The American bakers are not quite up to the task, but that doesn’t mean they won’t give it the ole college try. For this series, Mary left her British co-judge Paul Hollywood on the other side of the pond and is now paired up with Brooklyn pastry chef Johnny Iuzzini (as you’ll learn in the first episode, he’s “the man who put the sexy into a pastry tube”). Together they demand that when contestants bake something “it should taste as good as it looks.” More difficult for Americans raised on Betty Crocker boxed cakes is to the task of recreating the blind recipes they’re given for the “technical challenge” round. In England, the contestants have a least a fighting chance at competing with Mary Berry’s encyclopedic knowledge of cooked carbohydratesan understanding of Mary Berry’s institutional knowledge of the thousands of carb-loaded British concoctions in existence (anyone up for a raised venison and pigeon pie?). Previous English contestants were expected to know and recreate such seemingly fictional delights as Spanische Windtortes, cream horns and flaounes.

In America, the contestants are going to be learning about her recipes as they cook them. Perhaps that’s why they started with half as many contestants on this journey and simplified the asks that are made of them.

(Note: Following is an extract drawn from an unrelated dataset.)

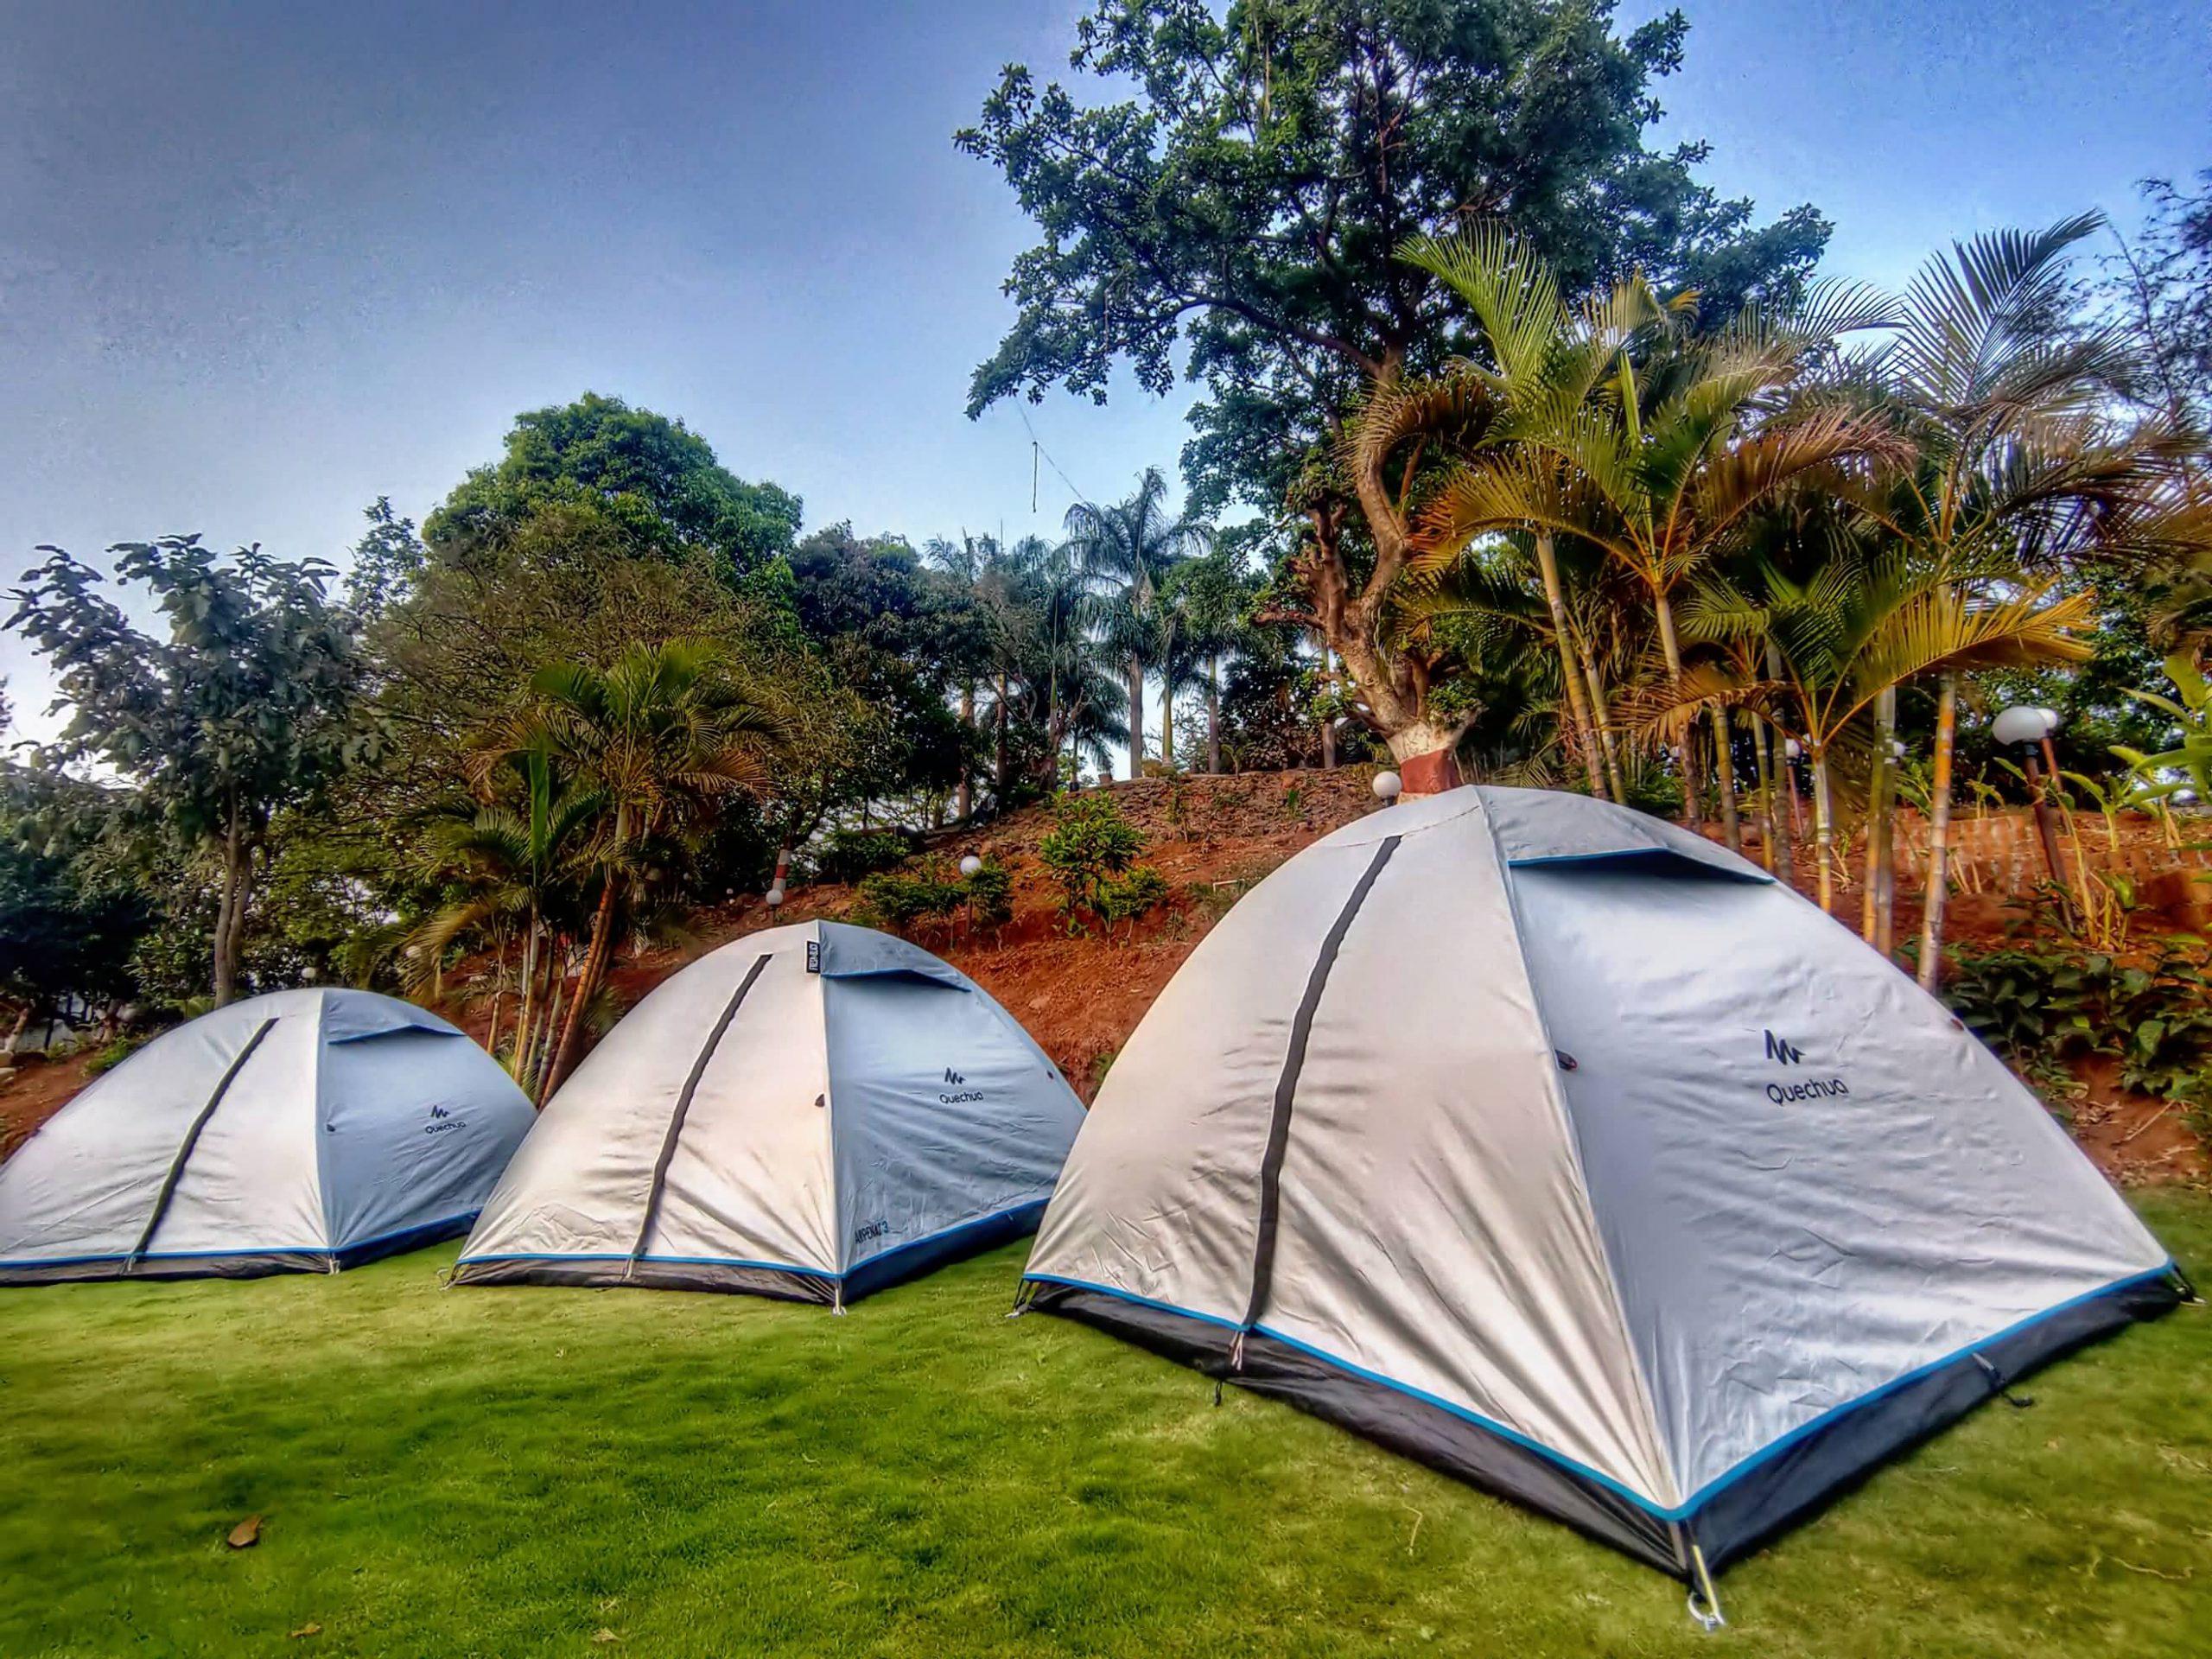 Tent Camping at HAVE Villas JMD Farm, Pawna Lake

As with so many other British traditions (high tea, cricket, colonialism) Americans don’t really understand the rules, or maybe have the chops to compete, but we’re happy to play along and follow their example as best we can. For example, this wobbly and fairly sad tiramisu cake was the winner of the technical bake last night:

The American contestants may have a few showstopping tricks up their sleeves, but Mary Berry’s competition is a war of attrition. The British cake mistress will find their weaknesses and exploit them until their concoctions collapse. Did the contestants over proof their dough? Did they let it cook long enough? Were they not able to predict the proper chemistry equation for a ginger snap with eggnog cream? Furthermore, were they not able to predict what the fuck a ginger snap with eggnog cream even is? Probably not. Like many other American endeavors, this show makes up for a lack of qualifications with extra enthusiasm.

And why not? We have Nia Vardalos (the brains and face of the My Big Fat Greek Wedding franchise) and her husband Ian Gomez (the adorable puppy dog from the often neglected Cougar Town … #RIP) hosting to console us. I didn’t realize the two were married IRL until I watched the first episode, but what a great pairing. They are sweet and empathetic national treasures, and it’s so pleasurable (and rare!) to see reality show hosts chosen for their personality and entertainment value over their spray tans and glassy eyed stares.

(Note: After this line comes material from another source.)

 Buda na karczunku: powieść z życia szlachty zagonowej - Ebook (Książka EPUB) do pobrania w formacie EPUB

In exchange for her baking pronouncements, the contestants have the opportunity to teach Mary Berry important American colloquialisms, like the name for a sweet biscuit (a cookie, duh), the Brooklyn pronunciation of water, and how to wear skulls rings while rolling out dough.

For Americans, doing the same thing over and over again is the definition of insanity. For the English, it’s called baking. And the fact that Mary Berry has lowered her standards a bit to come teach us a thing or two about baking? Well, that’s quite nice.